Central to VXML operations are the <PROMPT> and <GRAMMAR> elements. A
<PROMPT> element is exactly what you'd think: It's something that an IVR
with TTS capabilities can be expected to say. For example, a
taxi-dispatching application might use this element:
<PROMPT>Based on your phone number, your location appears to be 87
Petulant Ostrich Way.</PROMPT>
The other key VXML element is the <GRAMMAR> element. A <GRAMMAR> element
is simply something a person can say and expect to have recognized. In
the taxi application, there might be a need for these elements:
<GRAMMAR>NOW</GRAMMAR> <GRAMMAR>IN ONE HOUR</GRAMMAR>
<GRAMMAR>TOMORROW</GRAMMAR>
By including these elements in the VXML document, we tell the
voice-recognition server that it can expect the caller to say one of
those phrases at a particular point.
Of course, VXML is useful mainly for situations in which you need to
prepare dynamic information -- stuff from a database, typically --
readable. You wouldn't use VXML to say, "We've dispatched a taxi to your
location," as it would make more sense to have a proper recording for
that oft-used sentence.
What's this have to do with Java?
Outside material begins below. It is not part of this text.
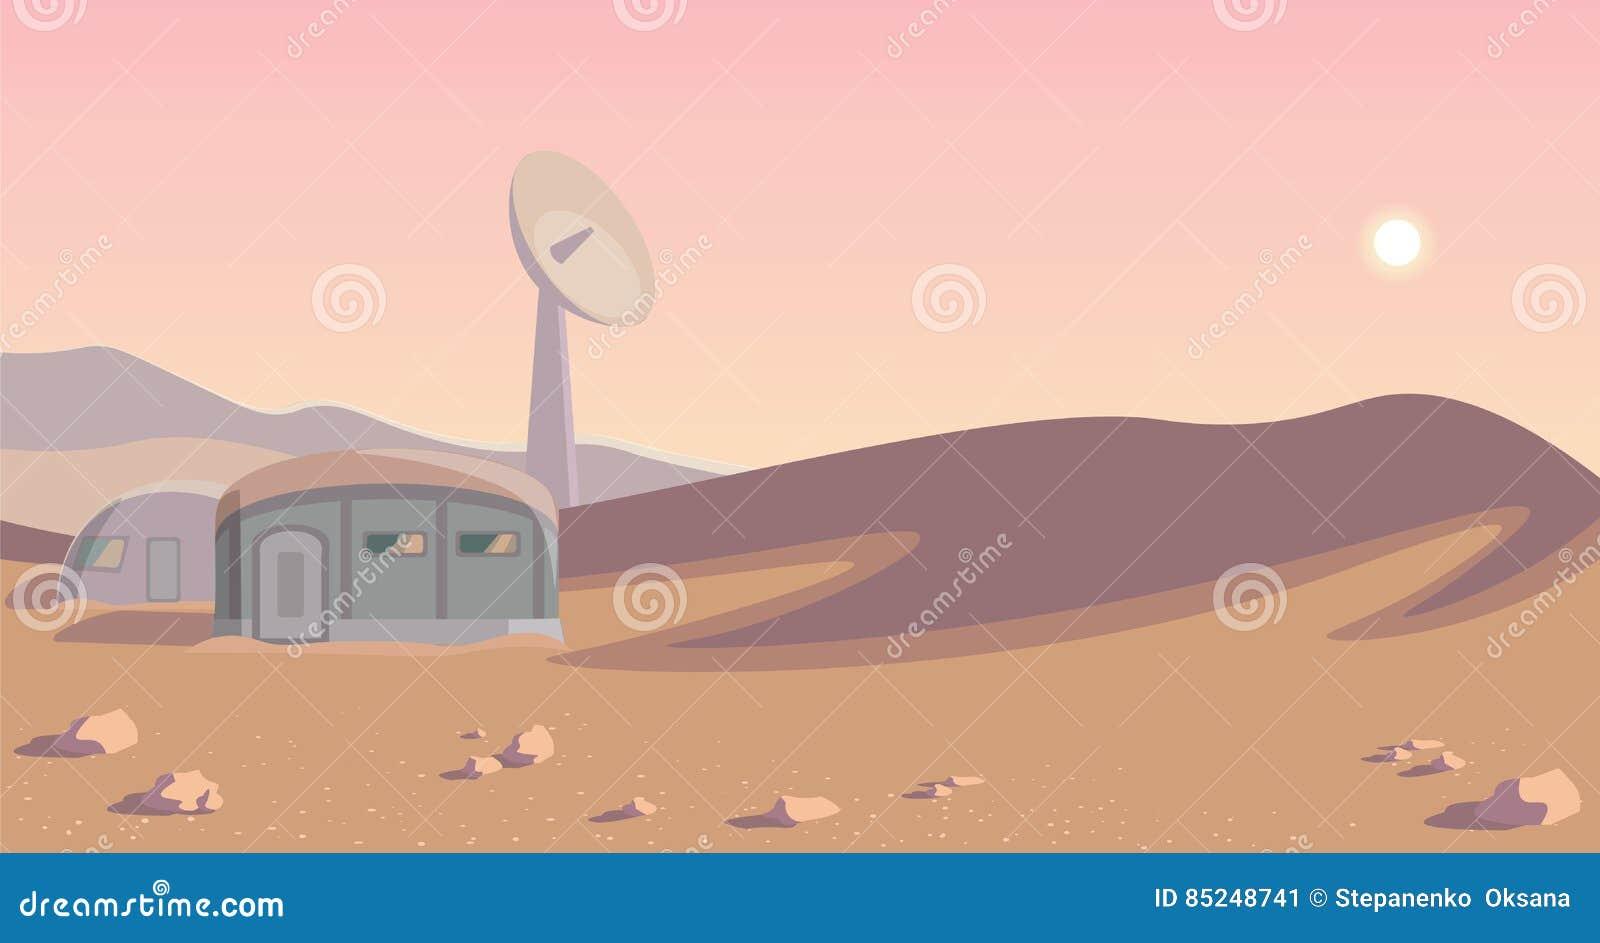 Διαστημικό πανόραμα αποίκισης Αποικία σε άλλο πλανήτη Στρογγυλευμένος lineart χαλά
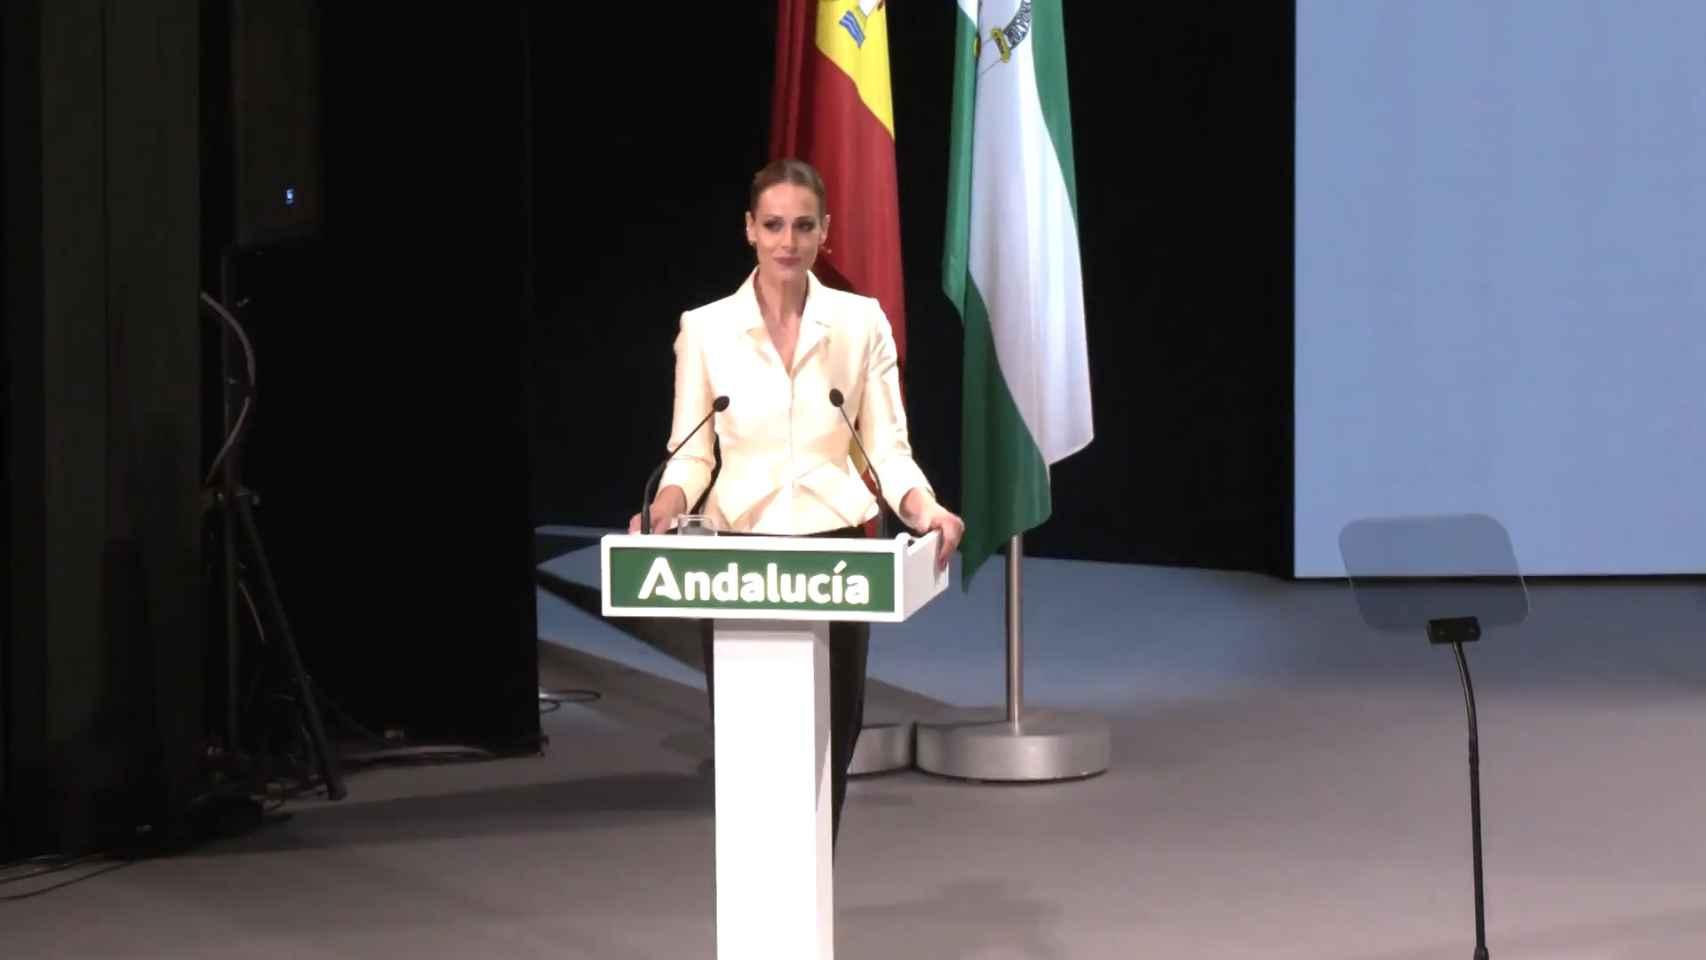 Famosos muestran su orgullo andaluz en el día de Andalucía

Lots, if you're integrating an IVR
into your organization's suite of customer-interaction channels. It
makes sense to give customers a way of getting information from you via
the telephone, and if your back-end is written in Java, you might want
to use Java to create your VXML interface, as well. A company called
Voxeo has published a Java API for generating VXML documents. It's
simple, but useful, allowing for code such as...
vxml.PromptStart();
...to open a <PROMPT> block. It'll help you make valid VXML out of your
database contents.